(Stored dataset items)
=====

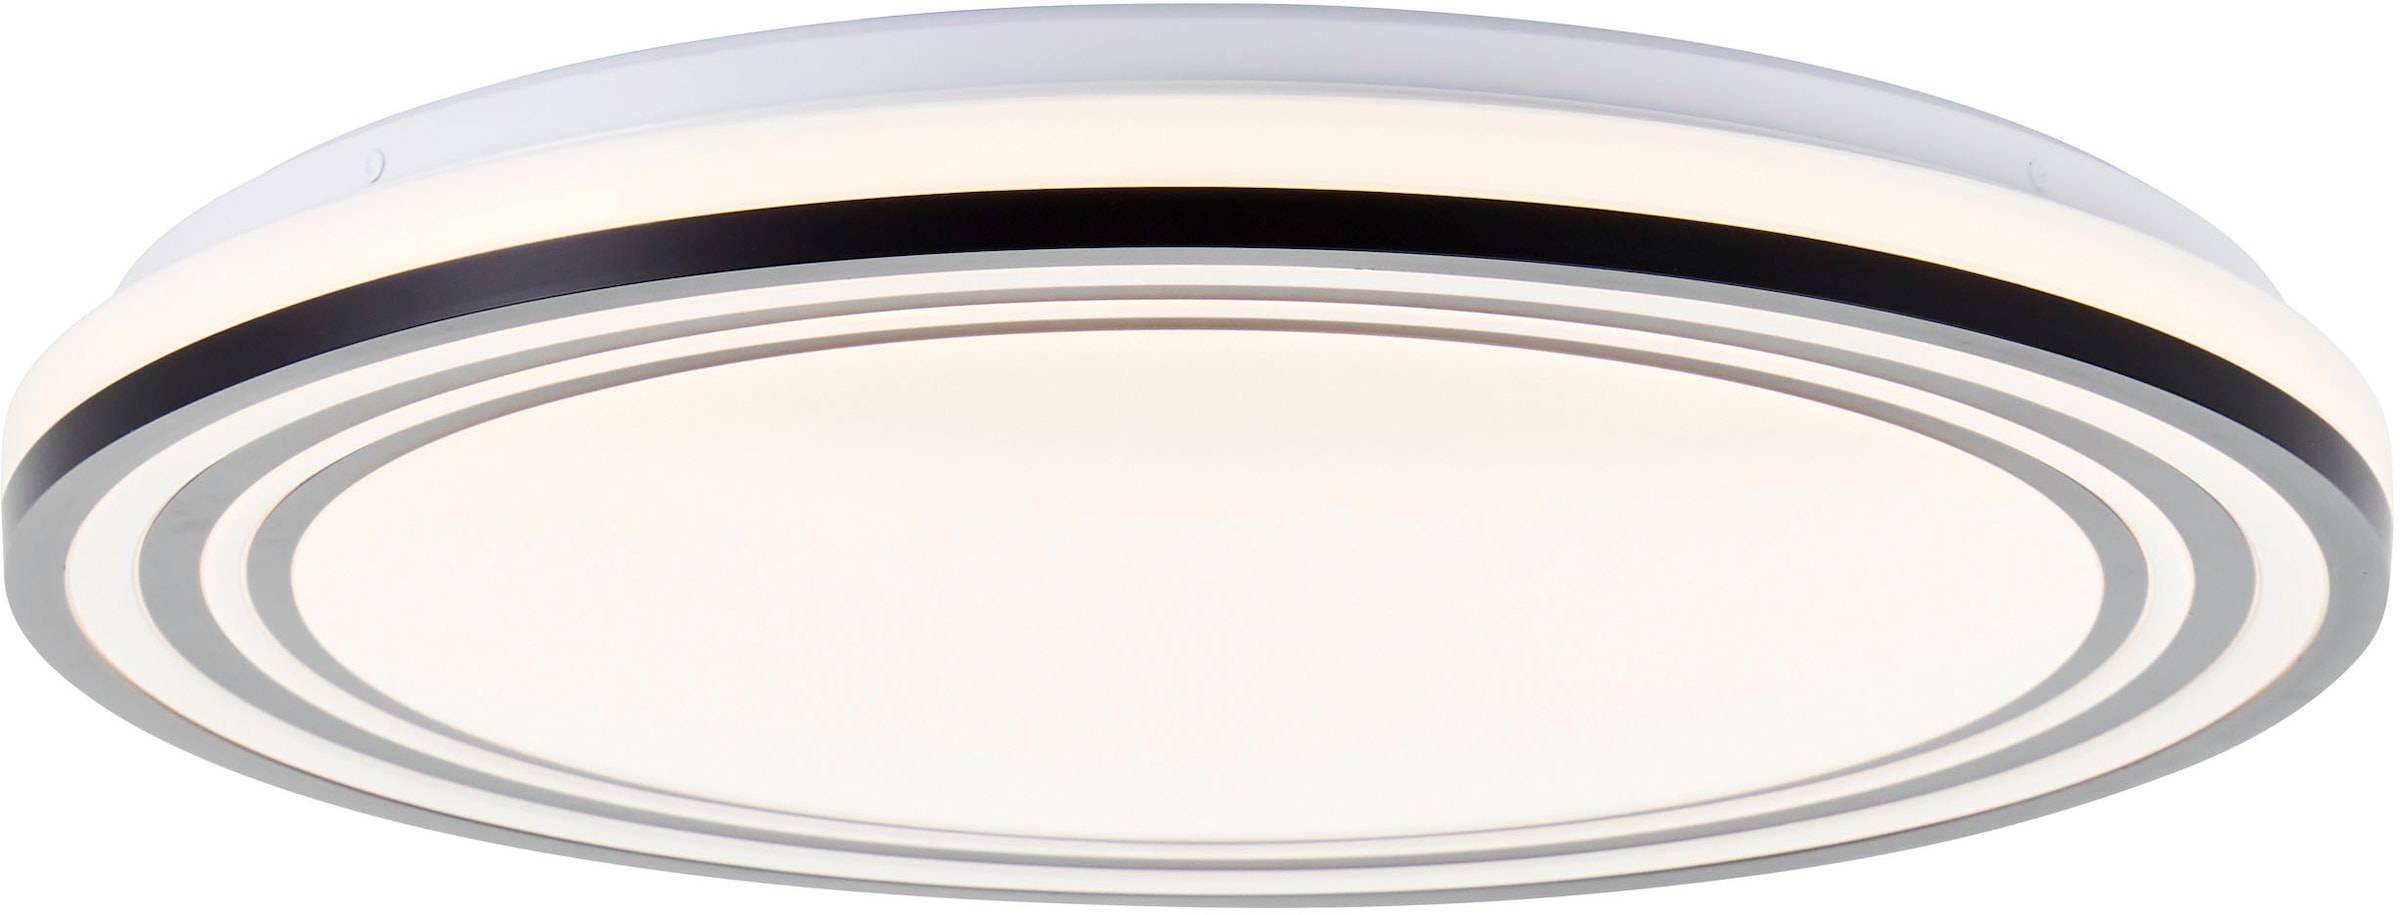 BreLight LED Wandleuchte »Kobana«, D 49 cm, 3800 lm, 3000-6500 K, dimmbar, CCT, schwarz/weiß
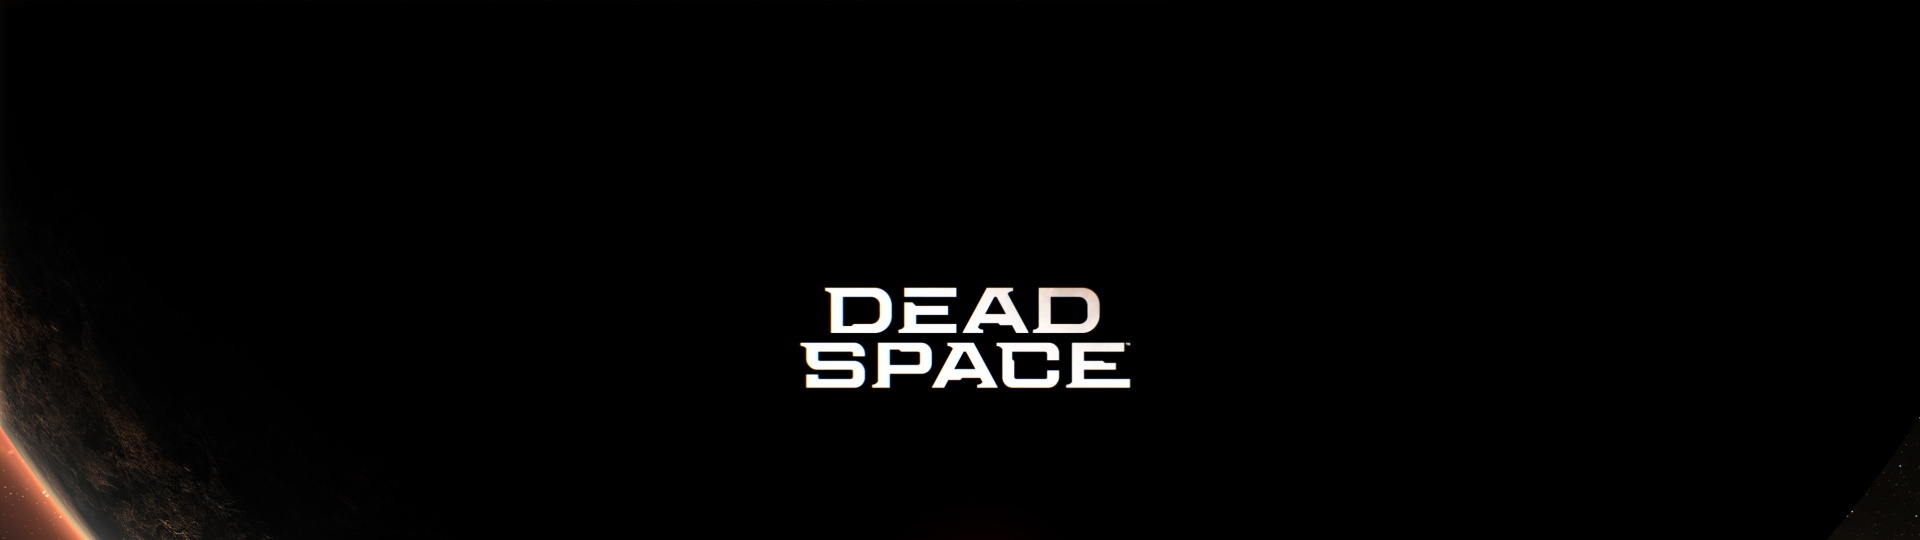 Remake klasického hororu Dead Space vyjde v lednu | Novinky
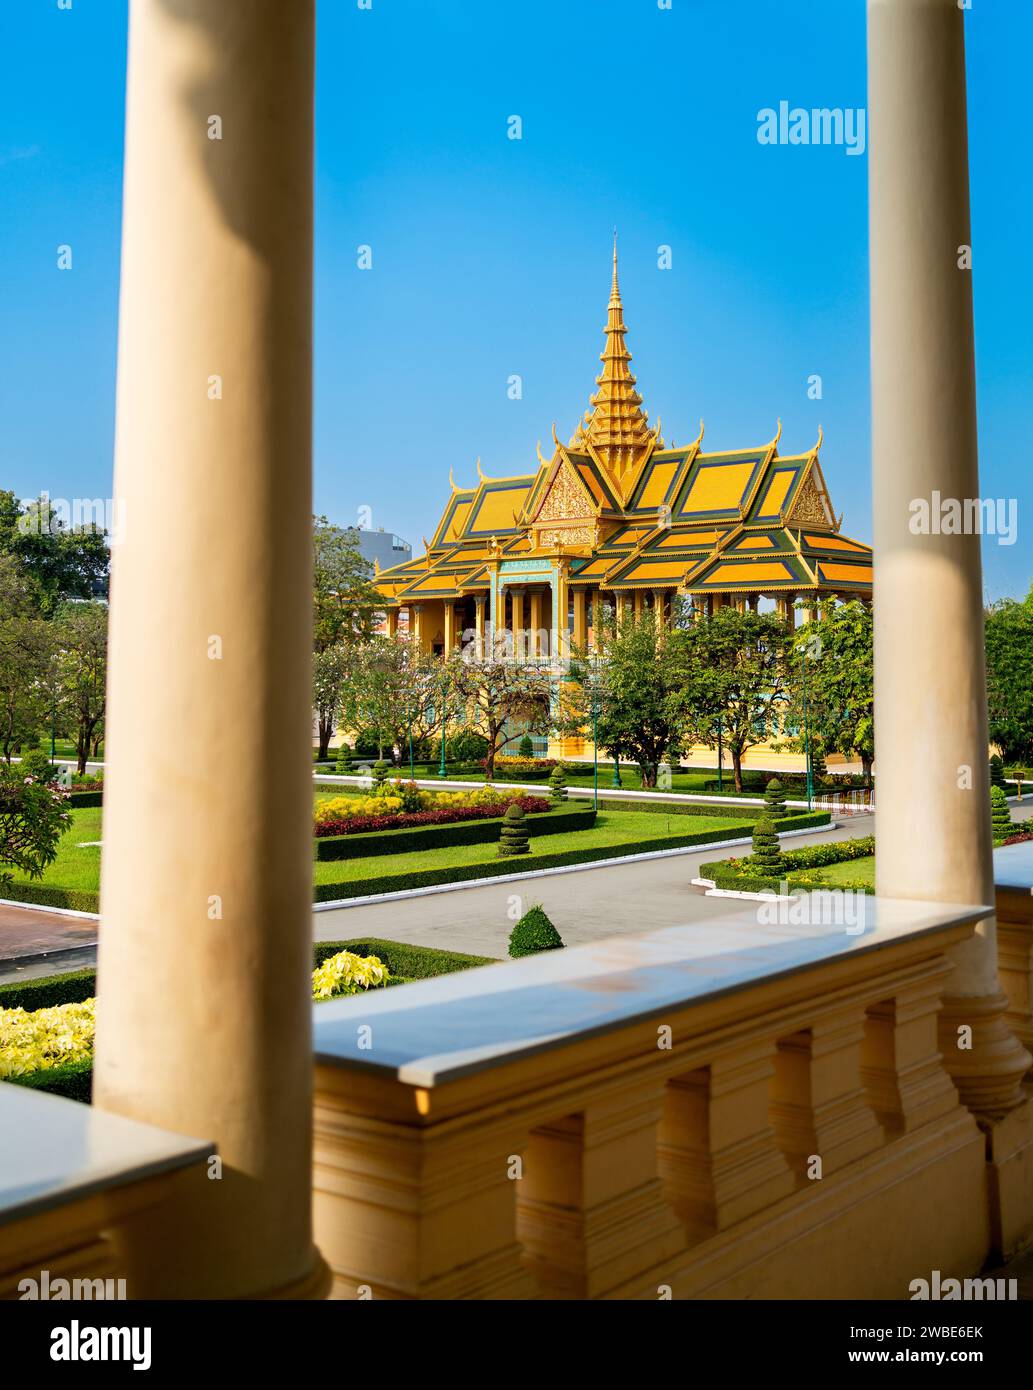 Phnom Penh, Cambodge. Palais royal, Pavillon clair de lune. Voyage et tourisme en Asie. Point de repère de la culture bouddhiste. Attraction touristique dans la capitale. Banque D'Images
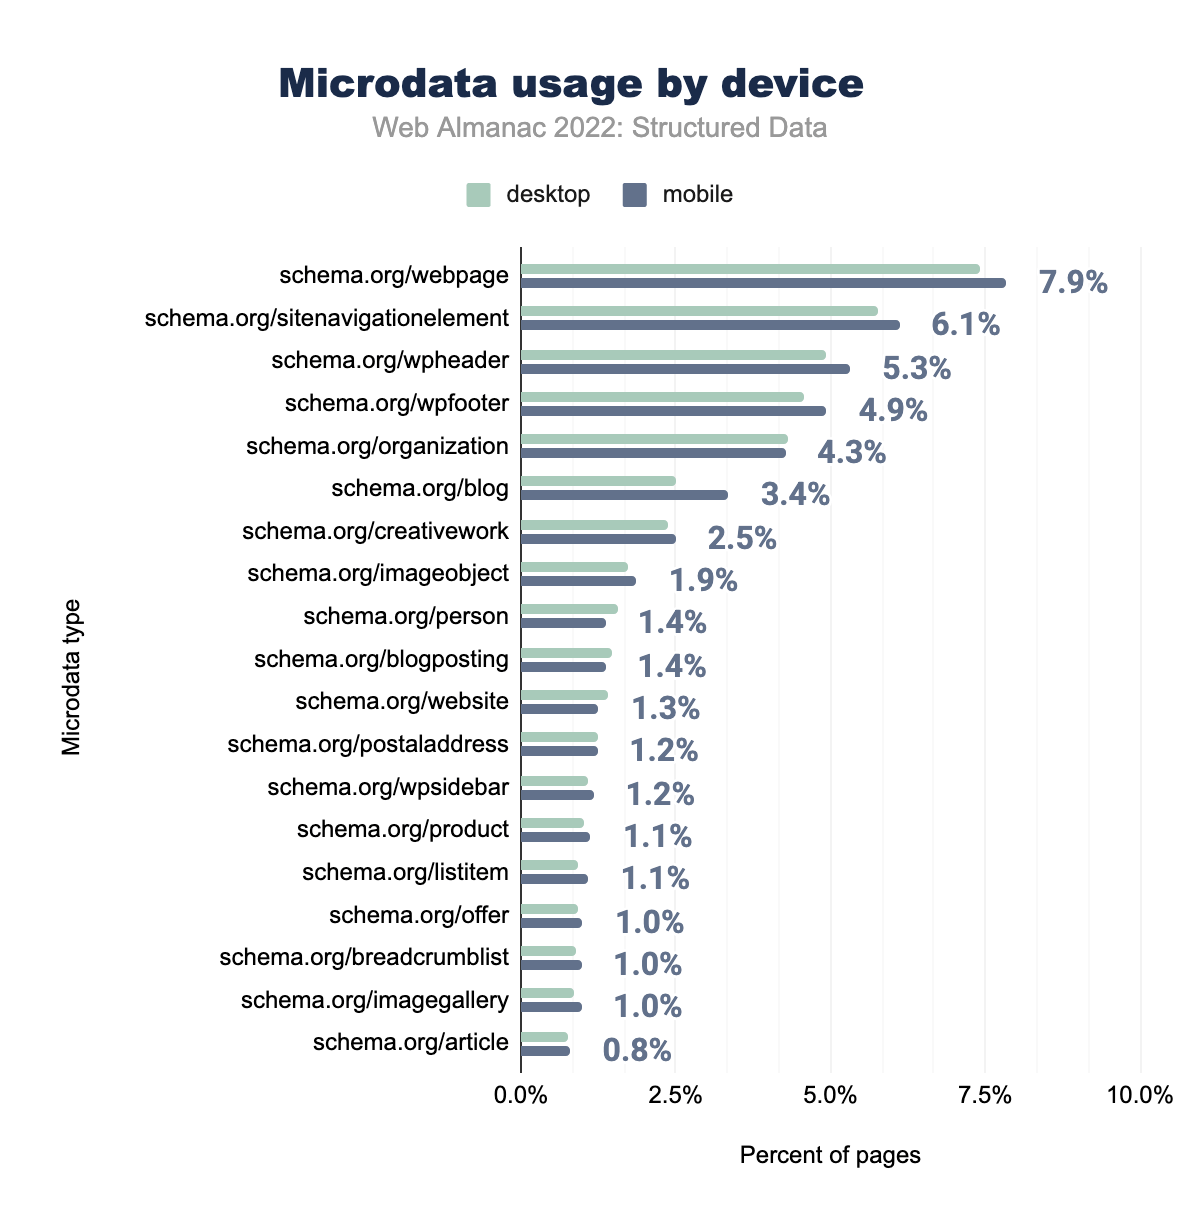 Utilizzo dei Microdata per dispositivo
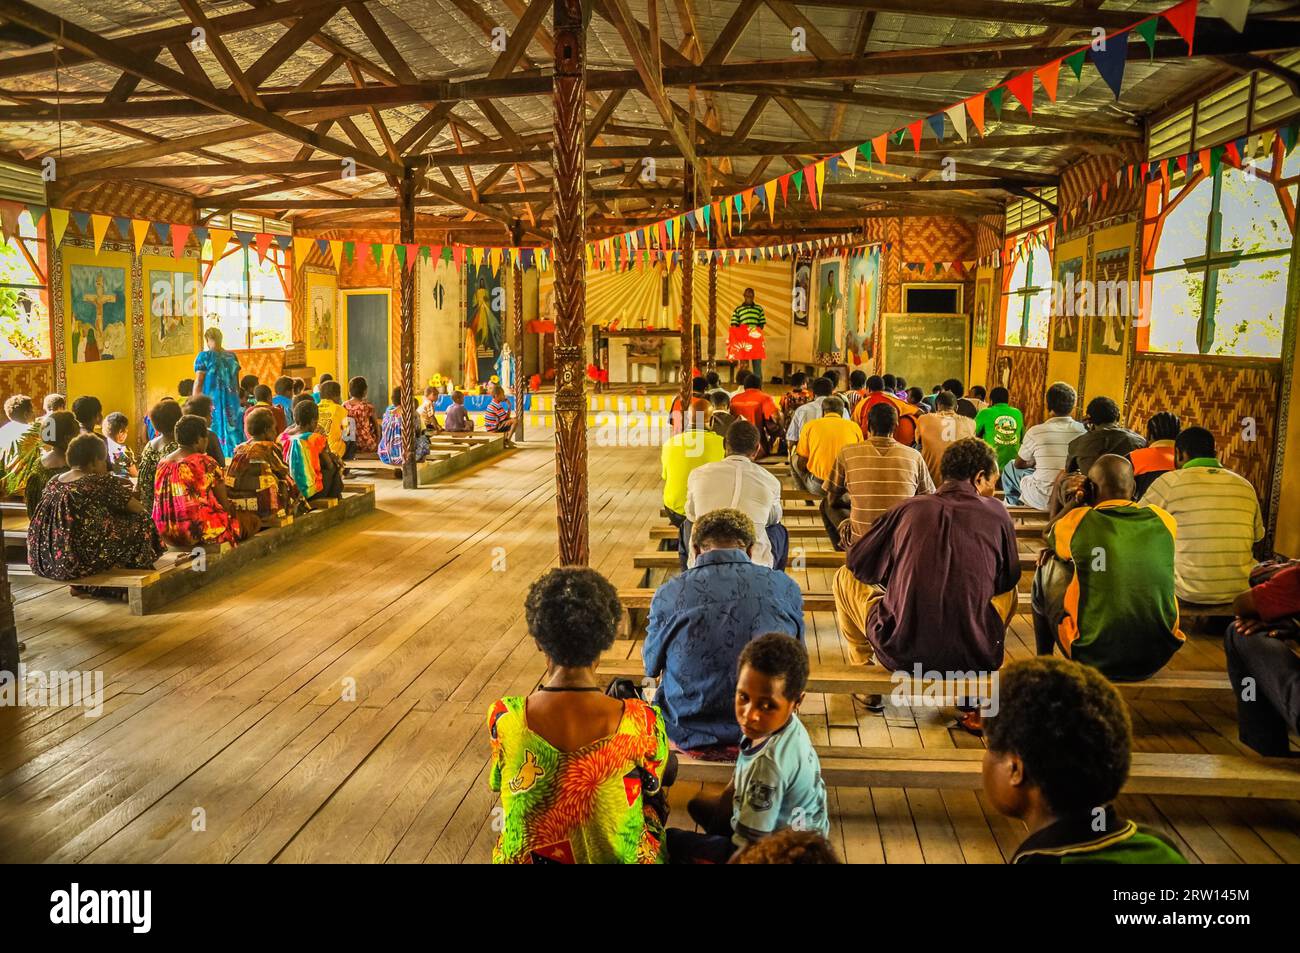 Palembe, Papúa Nueva Guinea, julio de 2015: Foto de personas nativas sentadas en bancos de madera durante la misa en la iglesia de madera en Palembe, río Sepik en Papúa Foto de stock

=====

**TASK TO CARRY OUT**: Print every entry word for word; omit the pictures.

**WORKED SOLUTION**:
 BreLight LED Wandleuchte »Kobana«, D 49 cm, 3800 lm, 3000-6500 K, dimmbar, CCT, schwarz/weiß
 Remake klasického hororu Dead Space vyjde v lednu | Novinky
 Phnom Penh, Cambodge. Palais royal, Pavillon clair de lune. Voyage et tourisme en Asie. Point de repère de la culture bouddhiste. Attraction touristique dans la capitale. Banque D'Images
 Utilizzo dei Microdata per dispositivo
 Palembe, Papúa Nueva Guinea, julio de 2015: Foto de personas nativas sentadas en bancos de madera durante la misa en la iglesia de madera en Palembe, río Sepik en Papúa Foto de stock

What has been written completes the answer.